Der 24-jährige Taucher Jade Kahukore-Dixon wurde nach Dreharbeiten für eine ZDF-Doku bei einem Haiangriff tödlich verletzt. Das Drama ereignete sich bereits Mitte November auf einer Bootstour mit Freunden im Südpazifik vor Neuseeland. Nach einem Sprung ins Wasser wurde Kahukore-Dixon von einem Hai attackiert und schwer verletzt. Er starb im Krankenhaus.
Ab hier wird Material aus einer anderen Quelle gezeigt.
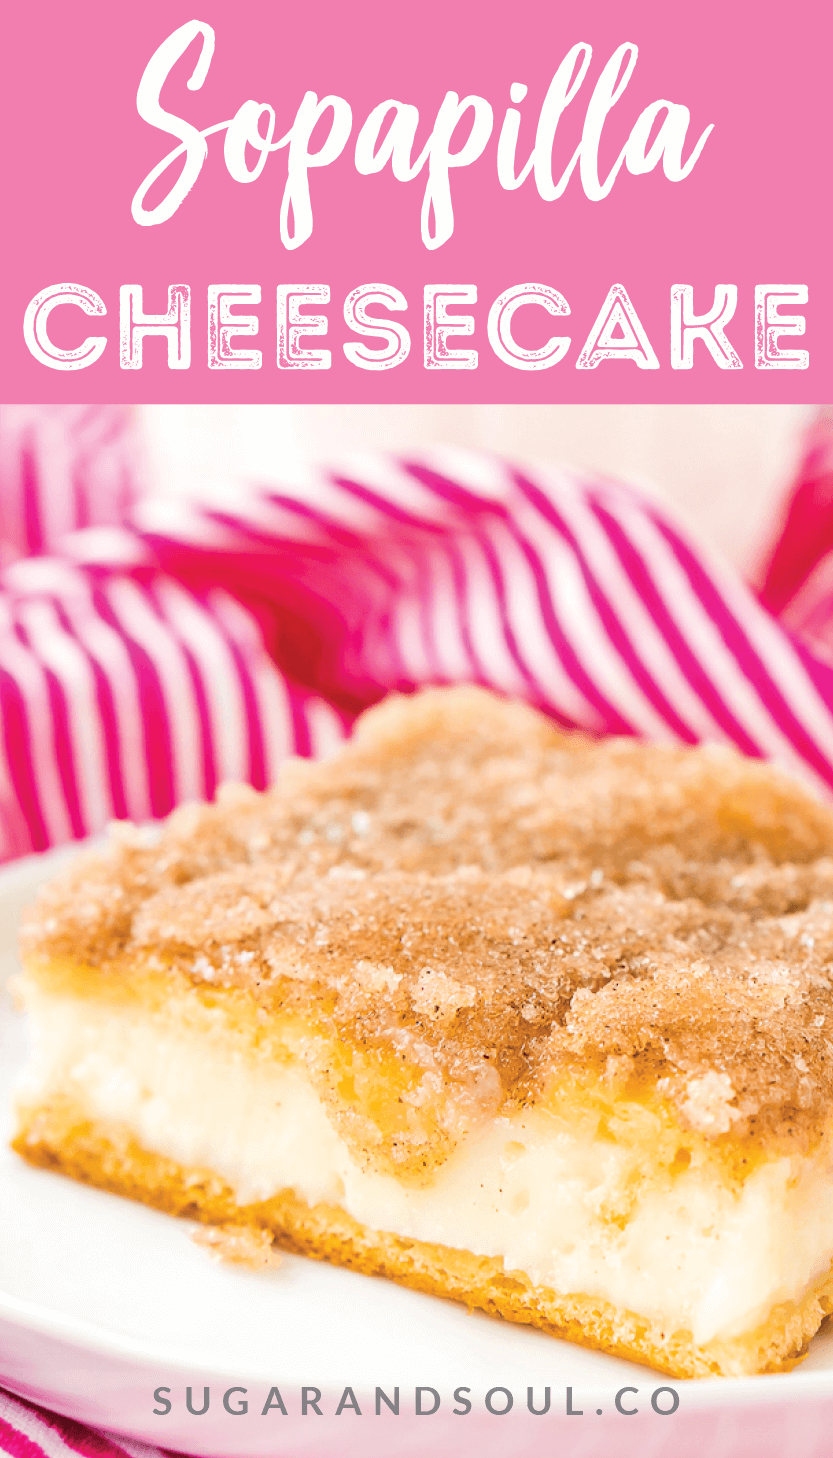 Sopapilla Cheesecake is a Spanish-inspired dessert made with crescent roll dough, cream cheese, cinnamon, sugar, butter, and a drizzle of honey.

Jade Kahukore-Dixon stand kurz vor seinem Tod noch bei Dreharbeiten für die deutsche ZDF-Doku „Schatzinseln im Pazifik“ vor der Kamera. Für die zweiteilige ZDF-Doku bereiste der ZDF-Journalist Johannes Hano mehrere Orte am anderen Ende der Welt und berichtete von ungewöhnlichen Geschichten über die Menschen vor Ort.
Kurz vor Tod als Taucher für ZDF-Doku vor der Kamera
Wie unter anderem die „Bild“-Zeitung berichtet, hatte Kahukore-Dixon erst im Herbst die Arbeit als Abalone-Taucher begonnen. Abalone, auch Meerohren genannt, sind eine Gattung großer Meeresschnecken, die in fast allen Meeren vorkommen und auf der Innenseite viel Perlmutt besitzen.
Während der Dreharbeiten für die ZDF-Doku erzählte Jade Kahukore-Dixon den Reportern, dass er erst kürzlich mit dieser risikoreichen Arbeit begonnen habe: „Ich sammle Seeschnecken in 10 bis 15 Metern Tiefe vor der Küste, habe mir gerade einen Truck und ein Boot gekauft.“
Kahukore-Dixon ging selbst mit dem ZDF-Kameramann ins Wasser. In der Doku berichtete er über das hohe Risiko, dessen er sich aber stets bewusst war: „Es gibt viele Haie rund um die Inseln. Es ist eine der größten Populationen auf so engem Raum. Klar bedeutet das ein Risiko. Aber an die Kerle werde ich mich schon gewöhnen. Ich habe keine Angst. Wenn sie kommen, na ja …“
Schon in der Vergangenheit hatte der Abalone-Taucher brenzlige Situationen erlebt. Einmal umkreiste ihn ein fünf Meter langer Räuber: „Ich habe mich hinter einem Felsen versteckt.“ Trotz aller Gefahren betonte er damals. dass er keine Angst habe.